The Sorrows of Satan at the Tristan Bates Theatre was gorgeously written, staged and performed, the best of example of a chamber musical I've seen in years - oh so smart too, with a wit of which Coward would be proud.
Anton Chekhov divides opinion - but I can't get enough of his subtle, deep dark comedies, and The Cherry Orchard at the Arcola Theatre demonstrated his genius again. Like Shakespeare, Chekhov's insights into the human condition come at you searingly fresh, every time the lights go down - it's never a bad choice to spend an evening in the presence of genius.
Twice in the past 12 months, I have left a Shakespeare production feeling like I understood the play much better than before (though not fully of course - who does?). Andrew Scott was every bit as good as a chummy Hamlet as the awards season suggests, the play fully deserving of its West End transfer from the Almeida.
The other revelatory Shakespeare was the Mad Max-influenced Macbeth at the Bussey Building, overflowing with gore and told at a terrific pace with a clarity of storytelling often absent from the Bard's work. Maybe it's just that Macbeth feels less and less like a supernatural tale from a misty Scottish past and more and more like a documentary from the White House or the Palace of Westminster.
It was a very strong year for ol' Shakey, with Toneelgroep's Roman Tragedies at the Barbican an extraordinary tour-de-force that'll have me jumping online for tickets if it returns to London for a third visit.
With us hoi polloi cast as the er... hoi polloi (see photo), Coriolanus, Julius Caesar and Antony and Cleopatra were performed amongst us with screens showing footage from wars at home and abroad. Hans Kesting's electrifying funeral speech ("Friends. Romans. Countrymen") was the single most spine-tingling moment I had in the stalls in 2017 - hell, let's be honest, ever!
Inevitably paling a little in comparison, but no less laudable, was the RSC's Julius Caesar at the same venue. Played pretty much traditionally in Carry On-ish togas, every word resonated with contemporary relevance humming into the present day - the man from Stratford-upon-Avon really did look into the soul of humanity and divined a way to tell us what he saw.
Honourable mentions too, to Greg Hicks's oily Richard III at the Arcola and a punchy Othello at Wilton's Music Hall.

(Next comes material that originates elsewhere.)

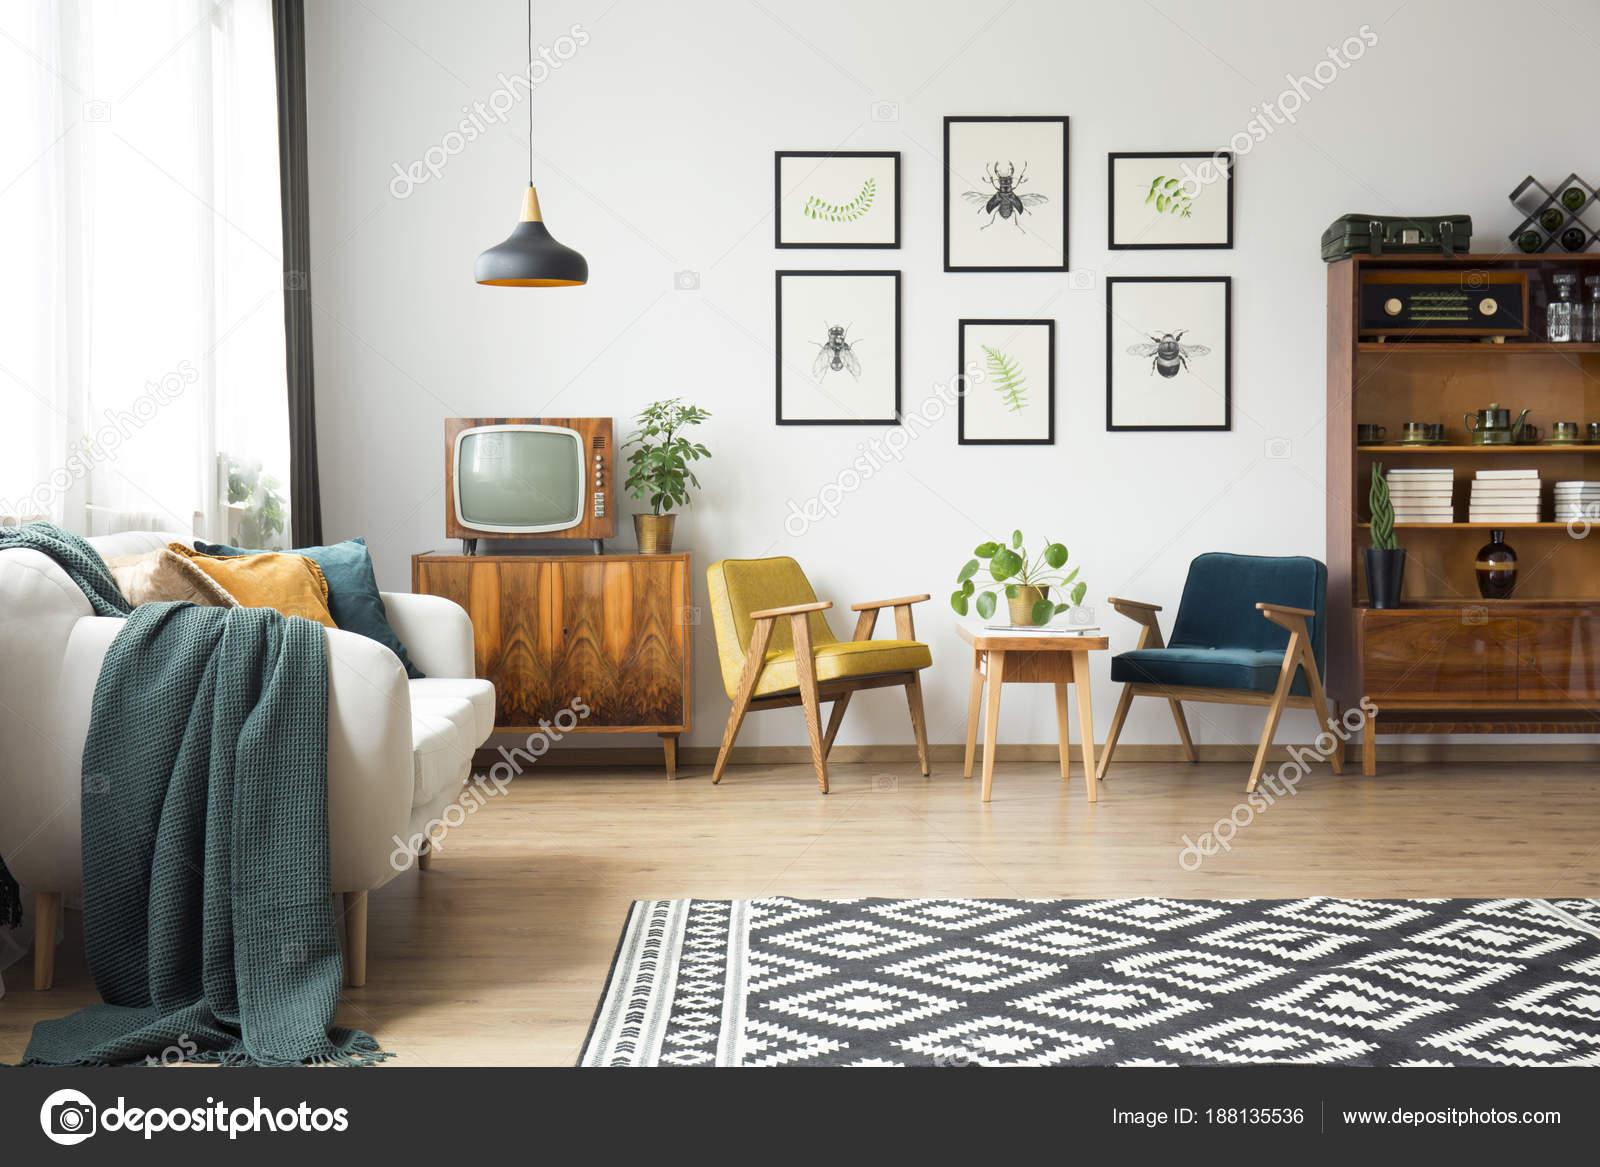 Vintage-Möbel in einem loft — Stockfoto © photographee.eu #188135536
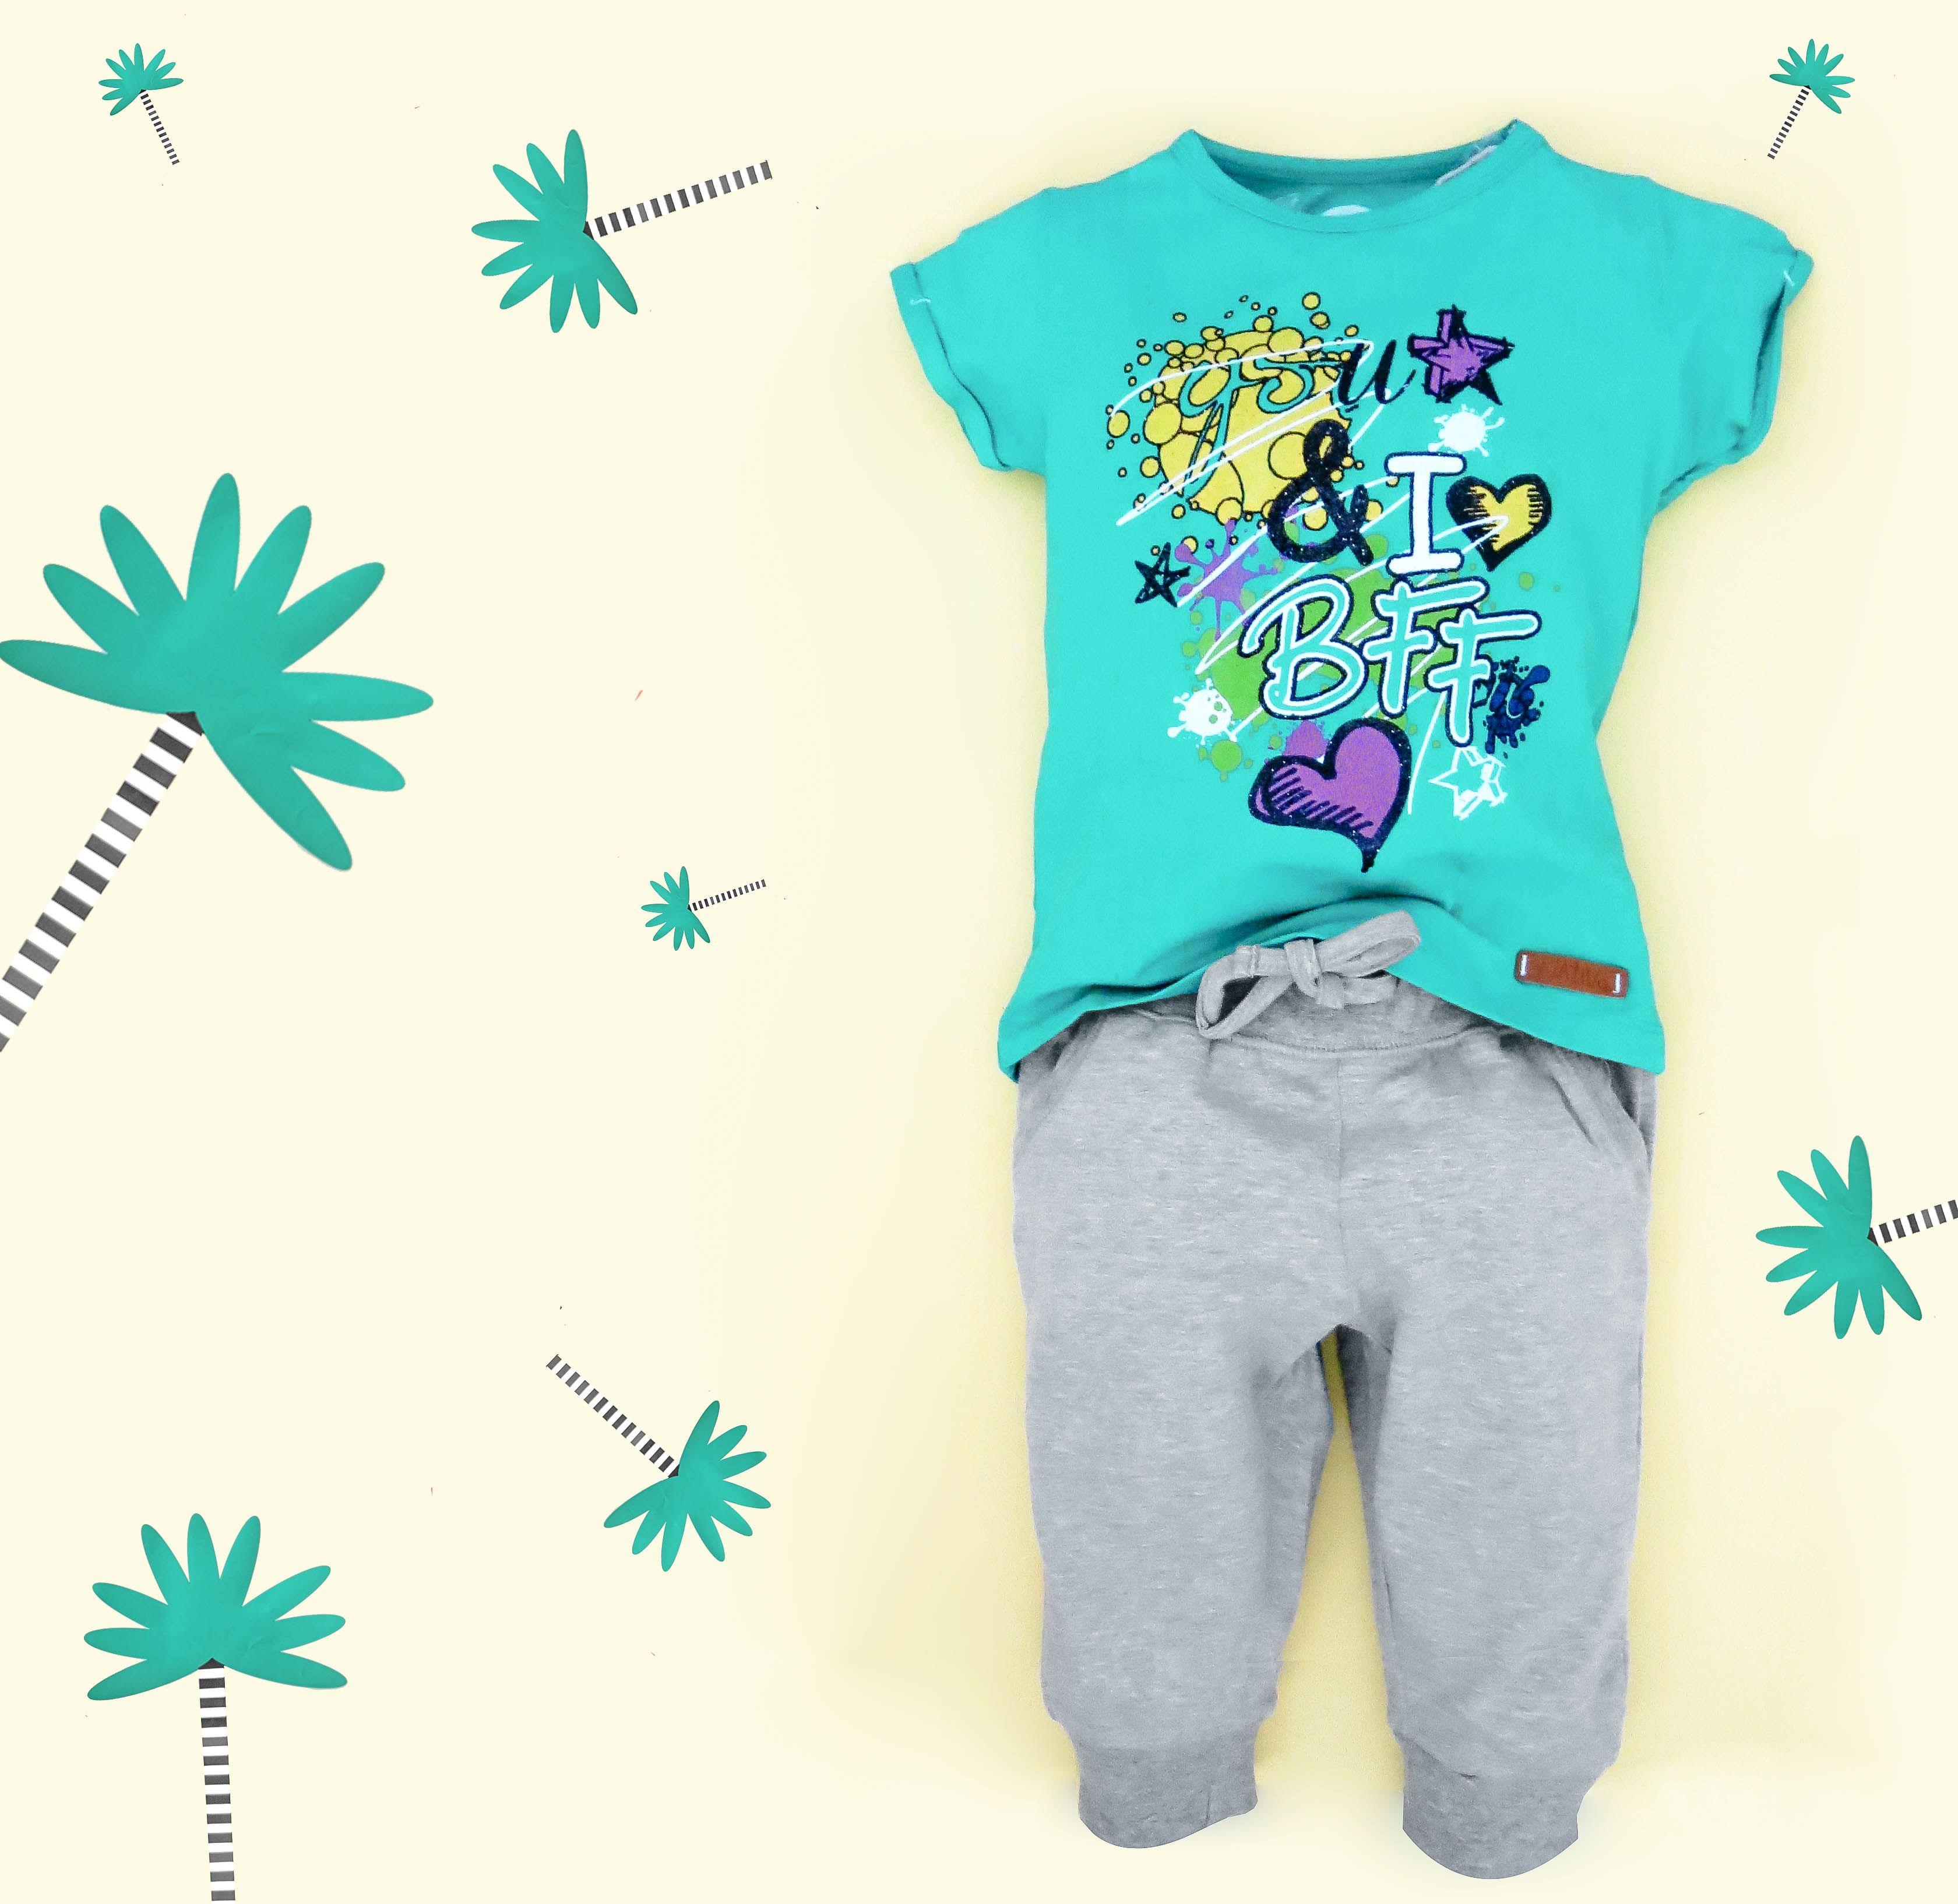 Fashion kids. Polish Design. Nativo Kids #boy #girl #new #collection #new #brand #Nativo #kids #clothes #fashion #moda #Nativo #Apparel #design #dzieci #bluza #spodnie #spódniczka #spodniczka #loki #pink #gray #shoes #love #fashionkids #photo #bird #sukienka #t-shirt #tshirt #koszulka #szorty #jeans

In the very tricky spaces of The Vaults, Daisy Evans delivered a splendid Vixen, music and singing all on headphones which one simply forgot about after five minutes. Its power lay in its updating for 2017 and its honest appraisal of the challenges of Generation Rent - visible all around us the moment we left the venue. A perfect example of bringing what might be seen as an inaccessible opera into the right here, right now.
If there's a gap in London's theatre scene, it might be in productions of plays written in other languages (betting without Chekhov and maybe Strindberg too). So what a delight it was to see a hotly committed production of Federico Garcia Lorca's mighty The House of Bernarda Alba at the Cervantes Theatre, a venue dedicated to Spanish productions.
Alternating shows in Spanish and English, and using a largely bilingual and all-female cast, it was another reminder of what a loss it was to the world when Lorca was murdered in the Spanish Civil War. The play was a fine monument to his flickering genius.
There were plenty more excellent shows (and some - in my not so humble opinion - duds too, most of which were nevertheless much praised by other reviewers!), so I'm sorry if your favourite has been missed in my highly subjective round-up.
I look forward to another exciting year of surprises, entertainment and food for thought in 2018, and leave 2017 with my thanks to my editor, Marianka Swain, and, especially, every single person, on stage, backstage or labouring in the PR mines, who made these past 12 months possible. You make a sometimes grim and frightening world an infinitely better place.